Thermal Energy is a fully accredited professional engineering firm, and by providing a unique mix of proprietary products together with process, energy, and environmental engineering expertise, we can deliver unique turnkey projects with significant financial and environmental benefits for our customers.
Thermal Energy's proprietary products include: GEM™ - Steam Traps, FLU-ACE® - Direct contact condensing heat recovery, HEATSPONGE – Indirect contact condensing heat recovery systems, and DRY-REX™ - Low temperature biomass drying systems.
Thermal Energy has engineering offices in Ottawa, Canada, Pittsburgh, USA, as well as Bristol, UK, with sales offices in Canada, UK, USA, Germany, Poland, Italy, and China. TEI’s common shares are traded on the TSX Venture Exchange (TSX-V) under the symbol TMG.
For more information, visit our website at www.thermalenergy.com and follow us on Twitter at twitter.com/GoThermalEnergy.

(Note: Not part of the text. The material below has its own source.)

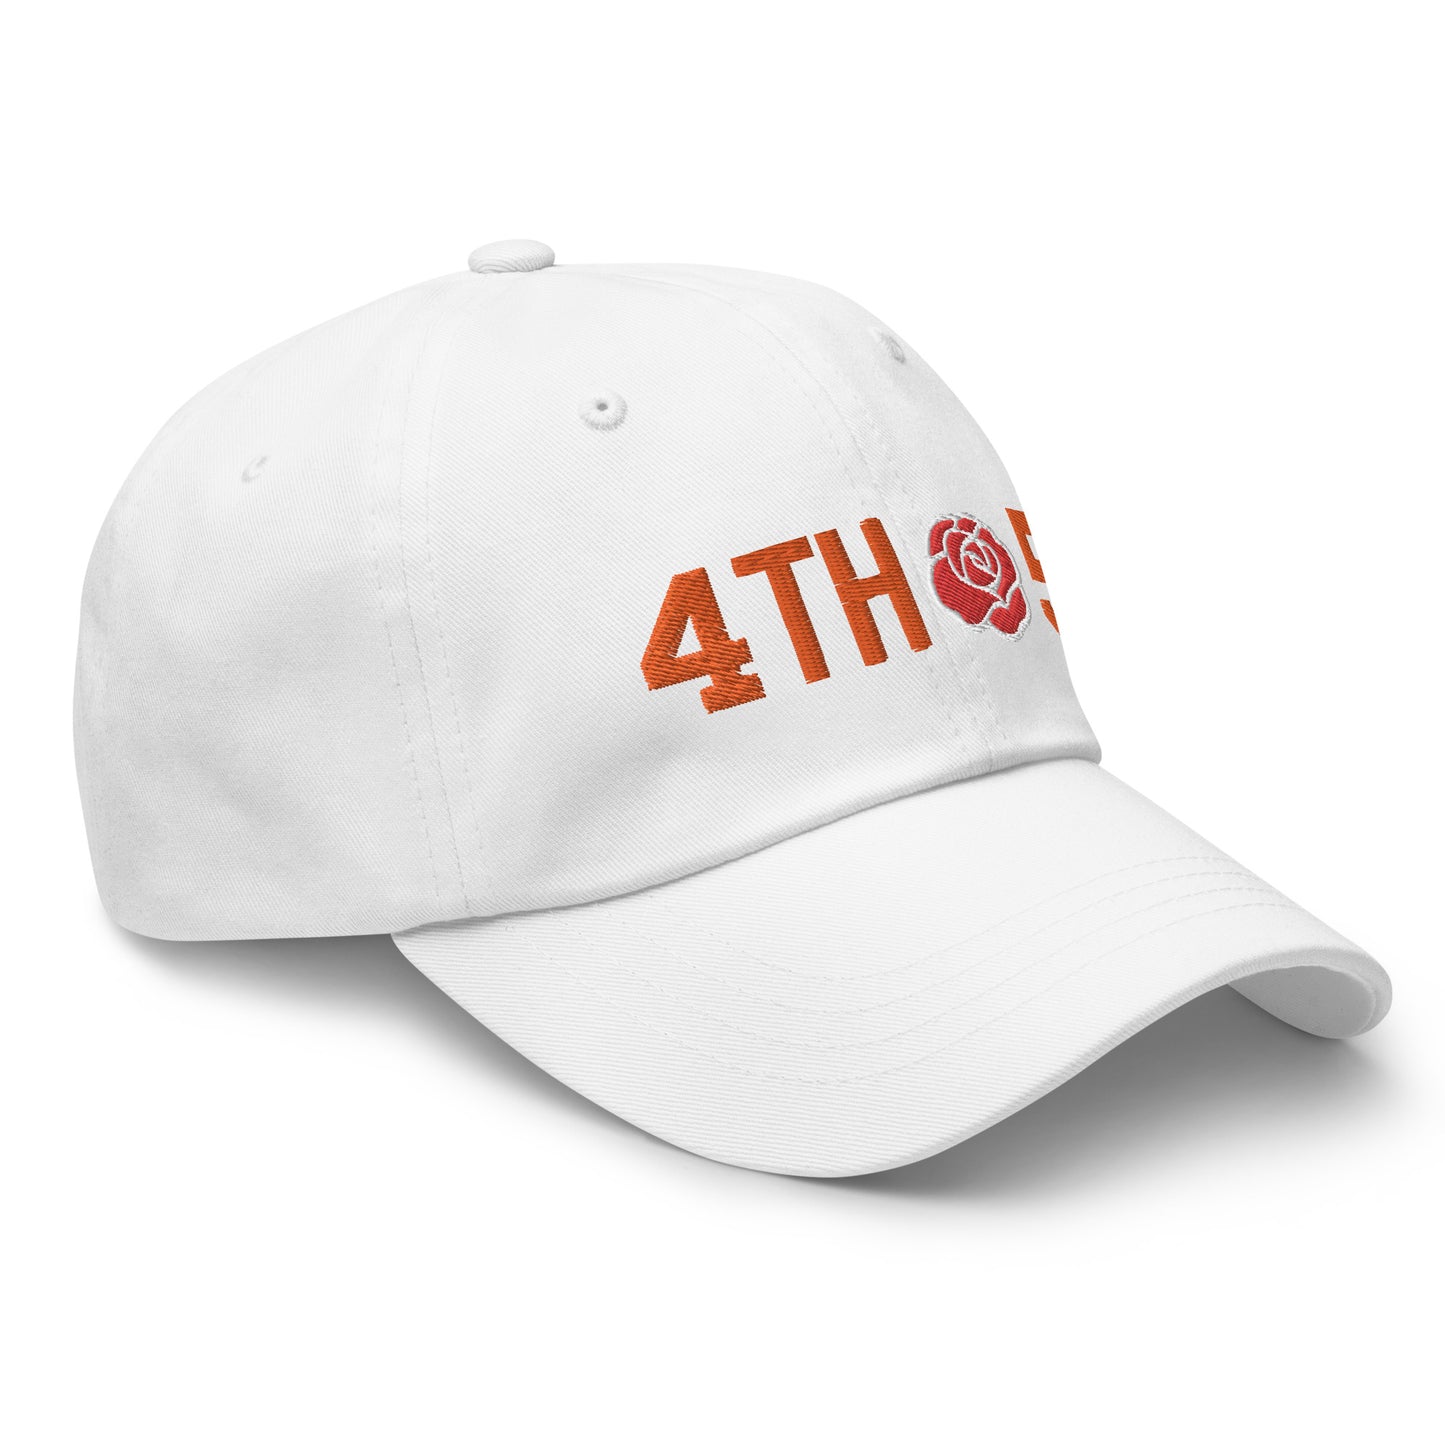 4th&5 - Texas Longhorn - Dad hat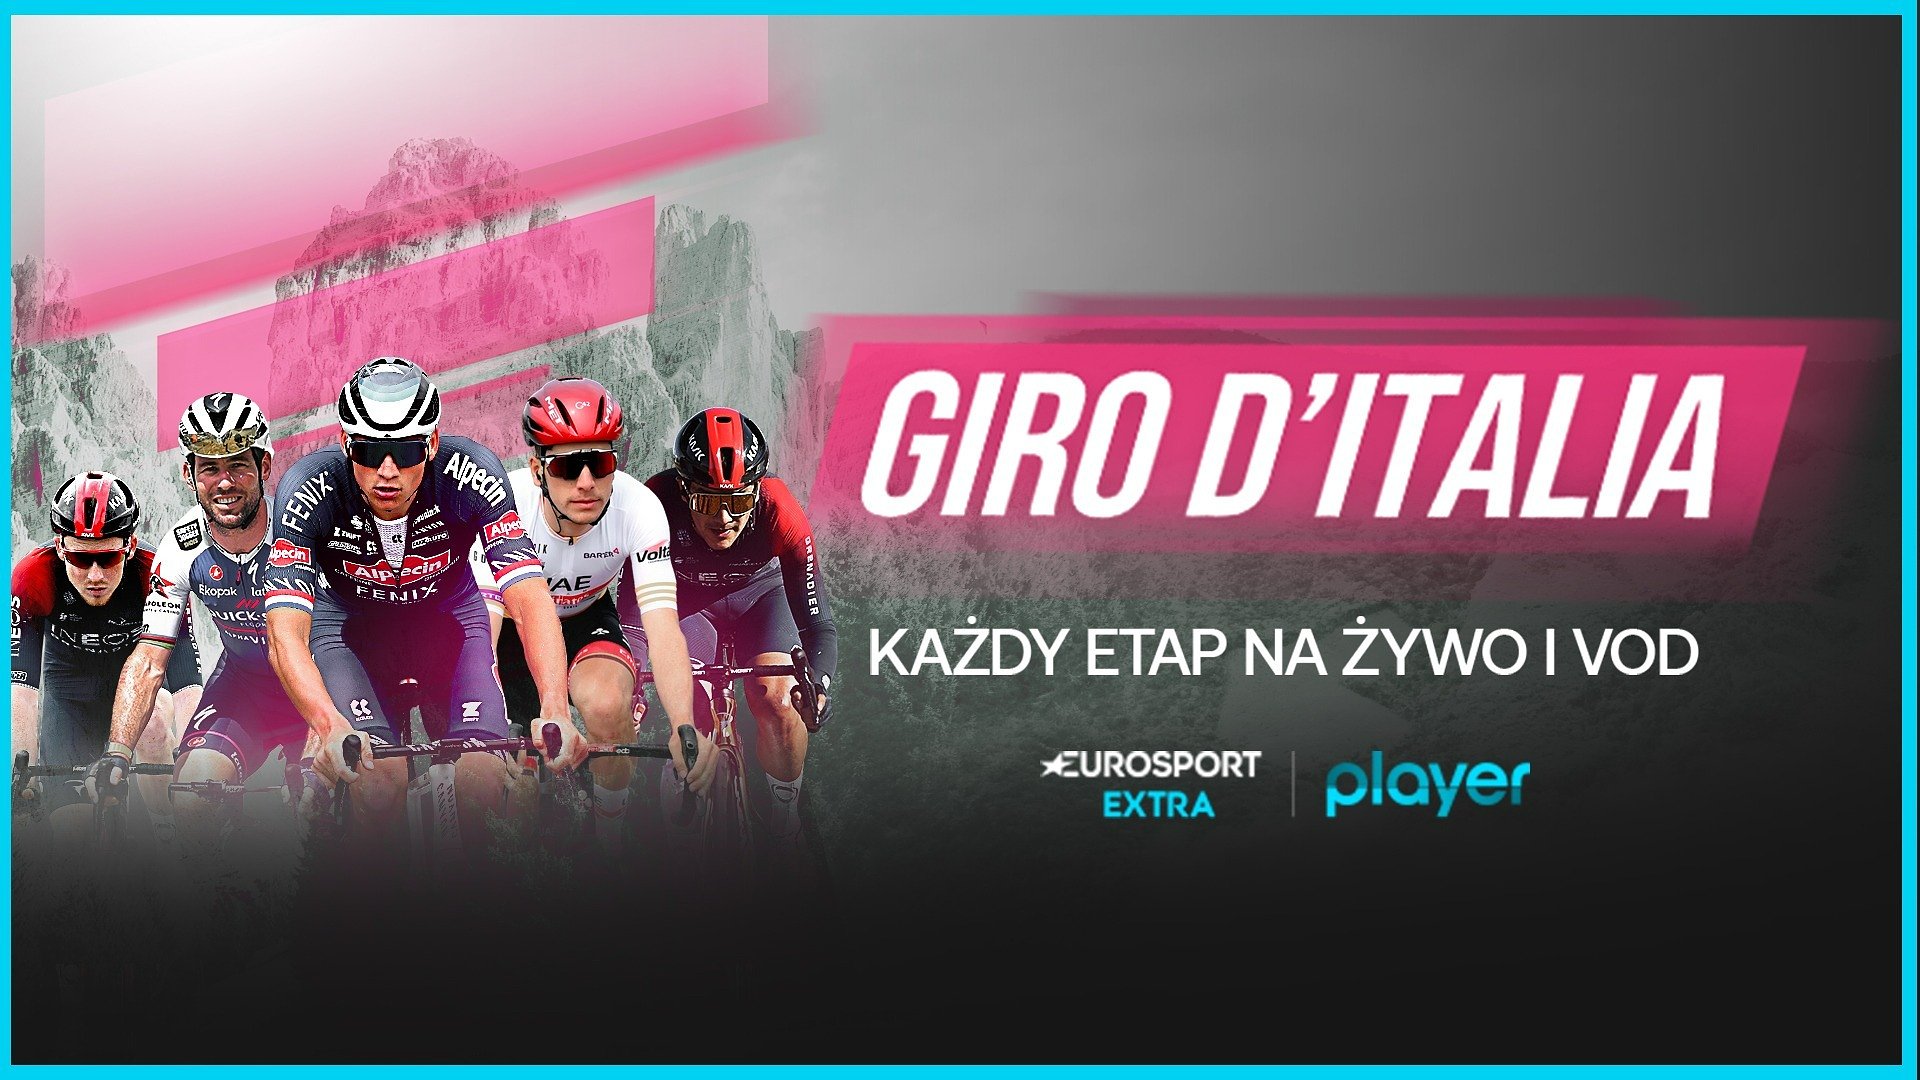 Gdzie oglądać Giro d’Italia? Player i Eurosport zapewniają transmisję każdego etapu – rywalizacja trwa!

This press release contains forward-looking statements relating to, and amongst other things, based on management’s expectations, estimates and projections, the anticipated effectiveness of the Company’s products and services and the timing of revenues to be received by the Company. Information as to the amount of heat recovered, energy savings and payback period associated with Thermal Energy International’s products are based on the Company’s own testing and average customer results to date. Statements relating to the expected installation and revenue recognition for projects, statements about the anticipated effectiveness and lifespan of the Company’s products, statements about the expected environmental effects and cost savings associated with the Company’s products and statements about the Company’s ability to cross-sell its products and sell to more sites are forward looking statements. These statements are not guarantees of future performance and involve a number of risks, uncertainties and assumptions. Many factors, some of which are outside of the Company’s control, could cause events and results to differ materially from those stated. Fulfilment of orders, installation of product and activation of product could all be delayed for a number of reasons, some of which are outside of the Company’s control, which would result in anticipated revenues from such projects being delayed or in the most serious cases eliminated. Actions taken by the Company’s customers and factors inherent in the customer’s facilities but not anticipated by the Company can have a negative impact on the expected effectiveness and lifespan of the Company’s products and on the expected environmental effects and cost savings expected from the Company’s products. Any customer’s willingness to purchase additional products from the Company is dependent on many factors, some of which are outside of the Company’s control, including but not limited to the customer’s perceived needs and the continuing financial viability of the customer. The Company disclaims any obligation to publicly update or revise any such statements except as required by law.
Neither TSX Venture Exchange nor its Regulation Services Provider (as that term is defined in the policies of the TSX Venture Exchange) accepts responsibility for the adequacy or accuracy of this release.